The study found account takeovers — identity theft where a criminal gains unauthorised access to an online account belonging to somebody else — are trending at the highest loss rate, up a staggering 72% over prior year. This is due in large part to technological advancements that have made it easier for criminals to manipulate and socially engineer information, while making it harder to detect account takeovers without additional security infrastructure. And criminals work quickly — 40% of all fraudulent activity associated with an account takeover occurs within a day.

The type of identity fraud has drastically changed from counterfeiting credit cards to the high-impact identity fraud of checking and savings account takeover. At a time when consumers are feeling financial stress from the global health and economic crisis, account takeover fraud and scams will increase. It is too early to predict how much higher the fraud rates will go; however, criminals become more active during times of economic hardships.
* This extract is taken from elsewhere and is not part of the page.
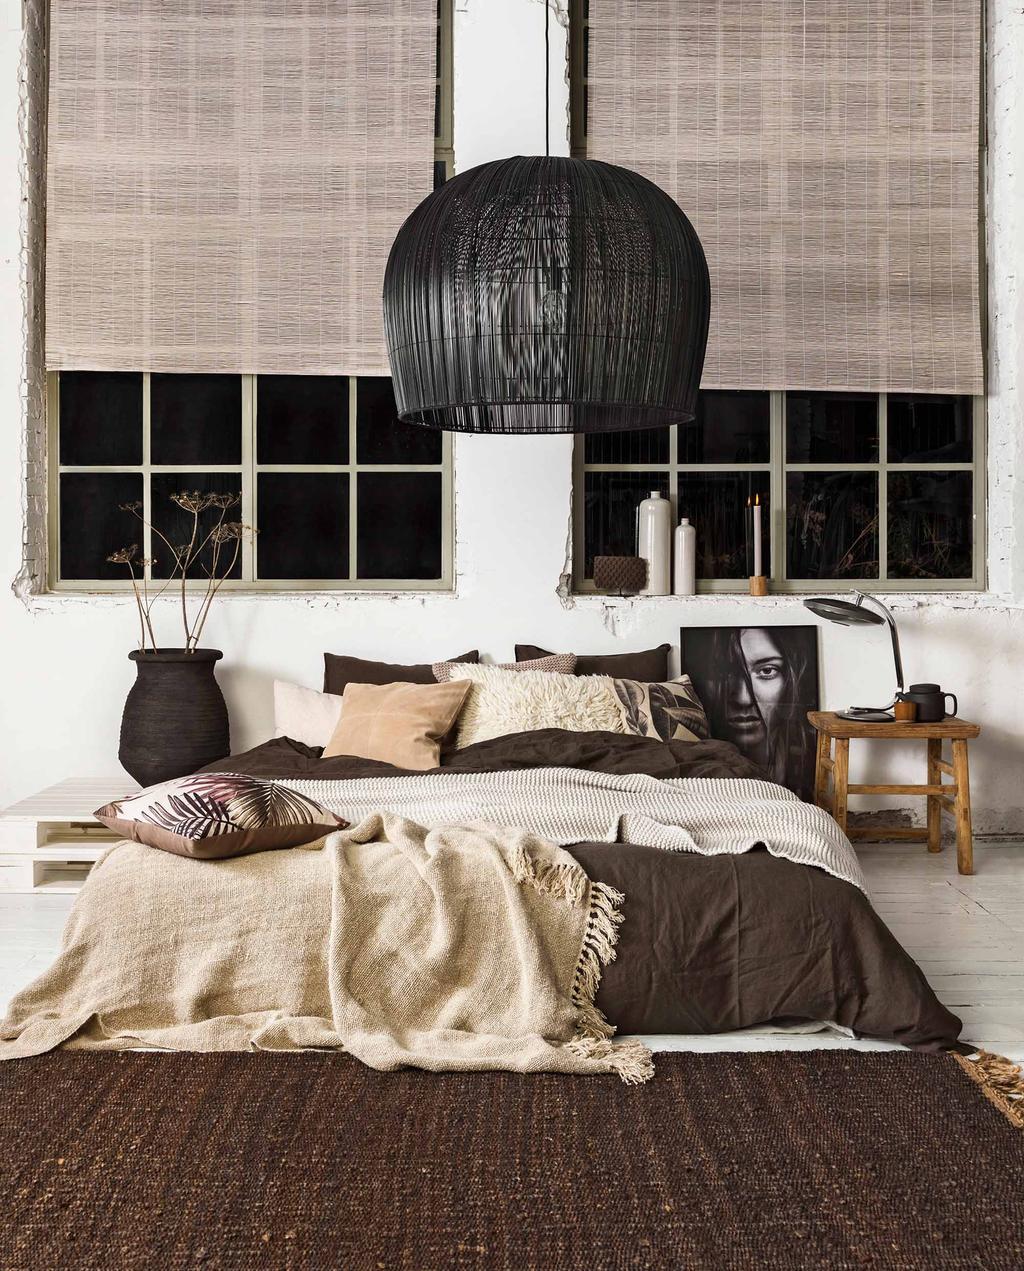 Styling natuurschoon: een natuurlijk interieur - Slaapkamer - Nr 01 2019 - vtwonen

Account takeover fraud is one of the hardest types of fraud to identify because of the multichannel account access and the desire to reduce friction in the consumer experience. New technology is available to help mitigate risk and improve the consumer experience, yet often it goes unused or is unavailable to consumers. What is clear is that criminals are adapting to new technology faster than consumers will adopt technology to reduce their risk.

“We’ve learned that scammers are very shrewd and adept at capitalising on current events and new platforms, including peer-to-peer payment apps,” said Kathy Stokes, AARP Director of Fraud Prevention Programs. “Using these payment apps for anything other than sending money to someone you know presents significant fraud risk for both consumers and financial institutions.“

“Every day, millions of consumers exchange their personal information for convenience,” continues Jason Park, Chief Growth Officer, Allstate Identity Protection. “When you download an app, open an online account, or enter your email address, your digital footprint grows. The more data you share, the more likely it is that a criminal can access your personal information and use it for fraudulent purposes. That’s why it’s so important to know who has your data and whether it’s been exposed.”
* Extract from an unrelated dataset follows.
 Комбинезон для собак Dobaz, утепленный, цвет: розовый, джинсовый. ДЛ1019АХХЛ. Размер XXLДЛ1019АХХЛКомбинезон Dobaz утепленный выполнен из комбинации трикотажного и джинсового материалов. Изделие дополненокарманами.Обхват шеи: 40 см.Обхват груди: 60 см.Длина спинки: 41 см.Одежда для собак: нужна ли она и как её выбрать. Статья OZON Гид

The study also found that peer-to-peer payments (P2P) fraud is skyrocketing. Financial institutions have found that P2P systems, which allow one person to send payments to another person, have seen a 733% increase in fraud between 2016 and 2019.

Pushing consumers from static passwords to safer authentication methods ranks among the study’s expert recommendations for financial service providers, merchants and other technology companies. The data suggest that consumers are open to making this change but lack the motivation.

The latest findings point to the need for a marked shift in how financial service providers, merchants and technology companies fight the ever-evolving battle against fraud.

Because criminals are adapting to new technologies faster than consumers will adopt technology to reduce their risk, the financial services industry bears the burden of driving the changes, such as increasing usage of two-factor and biometric authentication and promoting tokenized digital wallets in order to reduce the crippling impact of fraud on the public.